I'm currently making a new crypto coin with my friend. I want to make an official personal contract signature so that my friend doesn't resign or remove me from his team even though I am the founder. So, the point is that if my friend wanted to do the same, he couldn't because he already had a contract signed.

Jane C.

Answered Oct 8, 2021

There are clauses that you can put in contracts to incentivize key people to stay in the company.

Asked on Oct 6, 2022

What is a limited partnership agreement?

Being asked to sign one and not sure what it is. I'm trying to create a partnership with a few of my colleagues and I'm concerned about the word 'limited'.

Michael S.

Answered Oct 25, 2022

We really need to know more about the business and how everyone envisions ownership in order to answer the question. In general (and this is very general - I am a PA lawyer, not Tennessee), a limited partnership is an entity through which a business or property is owned. In a limited partnership, you need to have a general partner (either one more individuals or entities) who essentially manage the entity, and also have liability for all liabilities of the general partnership. The limited partners invest in the entity, but have no liability for the entity's obligations.

Asked on Jun 6, 2024

What are the key elements that should be included in a partnership agreement?

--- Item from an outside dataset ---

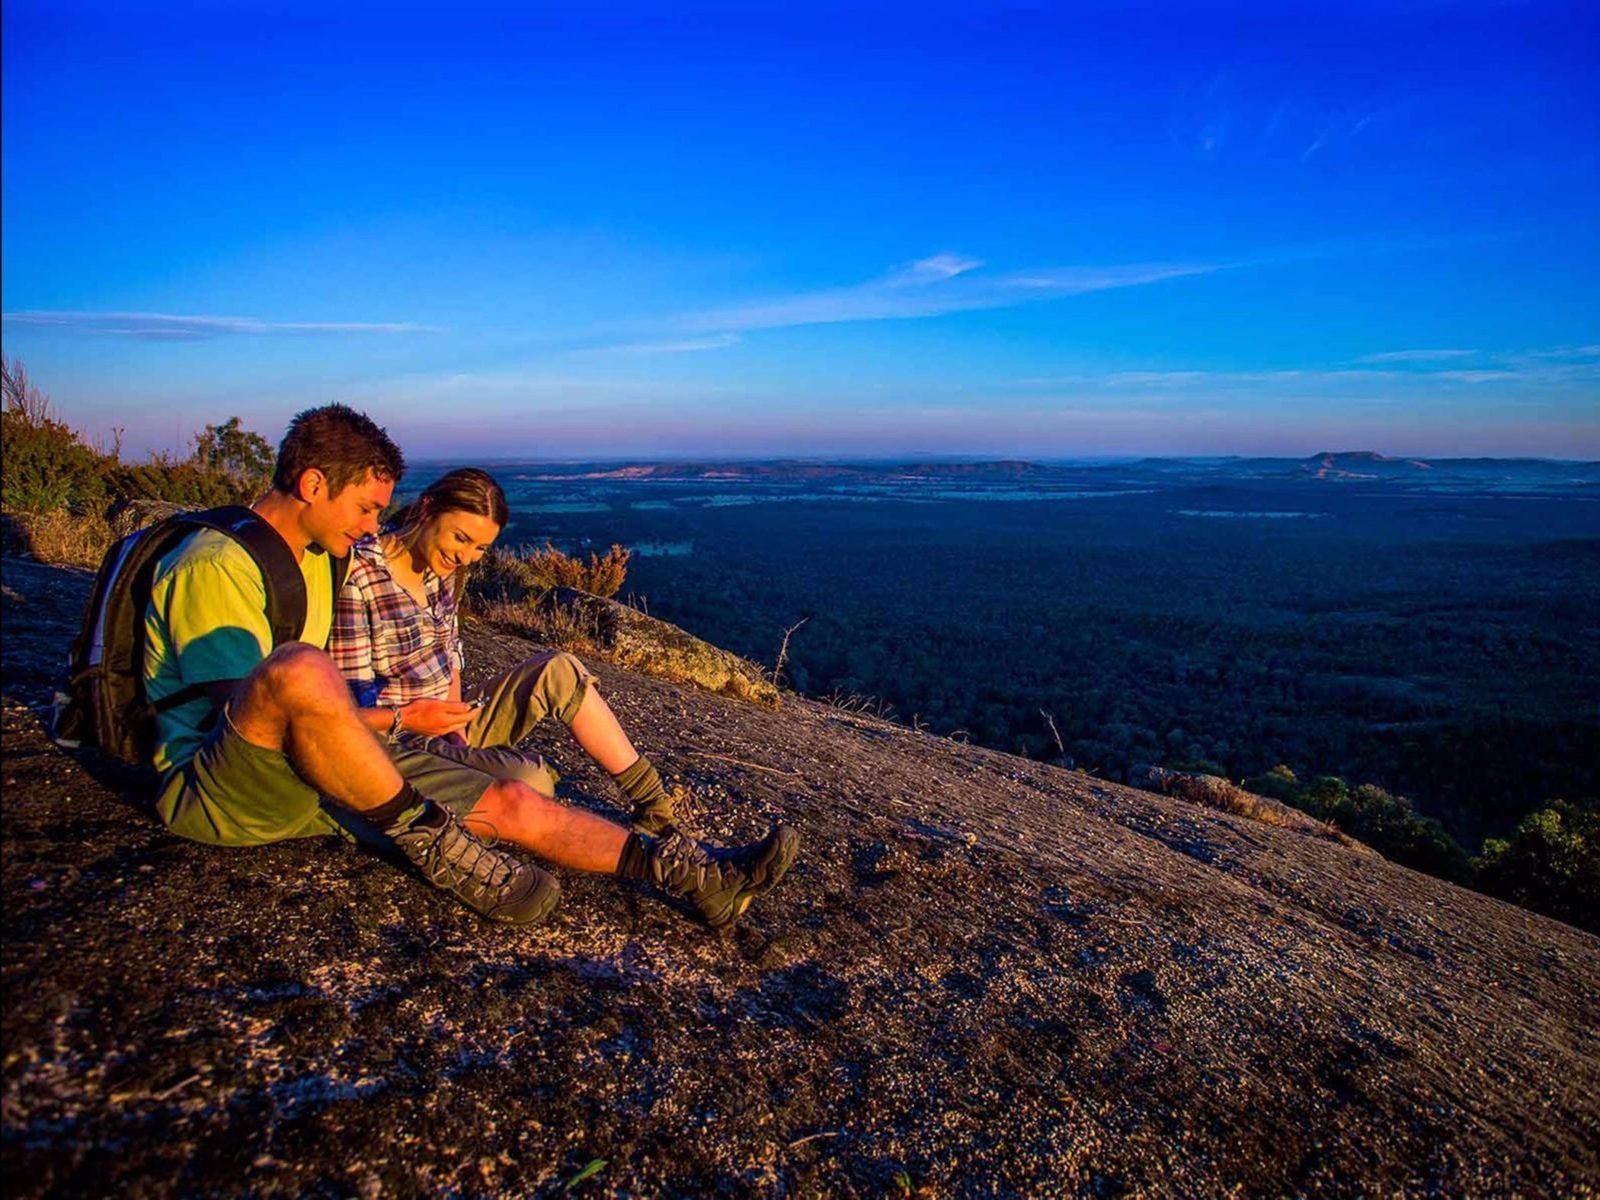 Chiltern-Mt Pilot National Park

I am currently in the process of starting a business with a close friend, and we have decided to form a partnership. We have already discussed our roles and responsibilities, as well as the financial contributions and distributions. However, we are unsure about what other important aspects should be covered in our partnership agreement. We want to ensure that all our rights and obligations are clearly defined, and that we have a solid legal foundation for our business relationship. Therefore, we would like to consult with a lawyer to understand the key elements that should be included in our partnership agreement.

Merry A.

Answered Jun 15, 2024

The following is provided as educational information, not legal advice. Before finalizing a partnership agreement, each party should be represented and guided by their own attorney. Also, agreements will differ depending on the type of activities/business plan/business, as roles and responsibilities, and dispute resolution, may depend on numerous factors. I consulted Chat GPT to generate a basic list for you, and it's pretty good: Creating a comprehensive partnership agreement is essential to ensure clarity and prevent future disputes. Here are key elements that should be included: Partnership Name: The official name under which the partnership will operate. Business Purpose: A clear description of the business activities the partnership will engage in. Partners' Contributions: Initial capital contributions of each partner (cash, property, services). Future contributions and obligations. Ownership Interests: The percentage of ownership each partner holds. Profit and Loss Distribution: How profits and losses will be allocated among partners. Decision Making: Voting rights of each partner. Procedures for making major decisions (e.g., unanimous consent, majority vote). Management and Duties: Roles and responsibilities of each partner. Day-to-day management responsibilities. Withdrawal or Death of a Partner: Procedures for a partner wishing to leave the partnership. Buyout terms and conditions. Handling the death or incapacity of a partner. Dispute Resolution: Methods for resolving disputes (e.g., mediation, arbitration). Duration of Partnership: The term of the partnership (fixed-term or at-will). Dissolution: Events that trigger dissolution. Procedures for winding up the business. Non-Compete Clause: Restrictions on partners engaging in similar businesses during and after the partnership. Confidentiality Clause: Obligation to keep partnership information confidential. Amendments: Procedures for amending the partnership agreement. Governing Law: The jurisdiction whose laws will govern the agreement. Indemnification: Protection of partners from liability for actions taken on behalf of the partnership. Including these elements in your partnership agreement will help ensure a clear understanding among partners and provide a framework for handling various situations that may arise.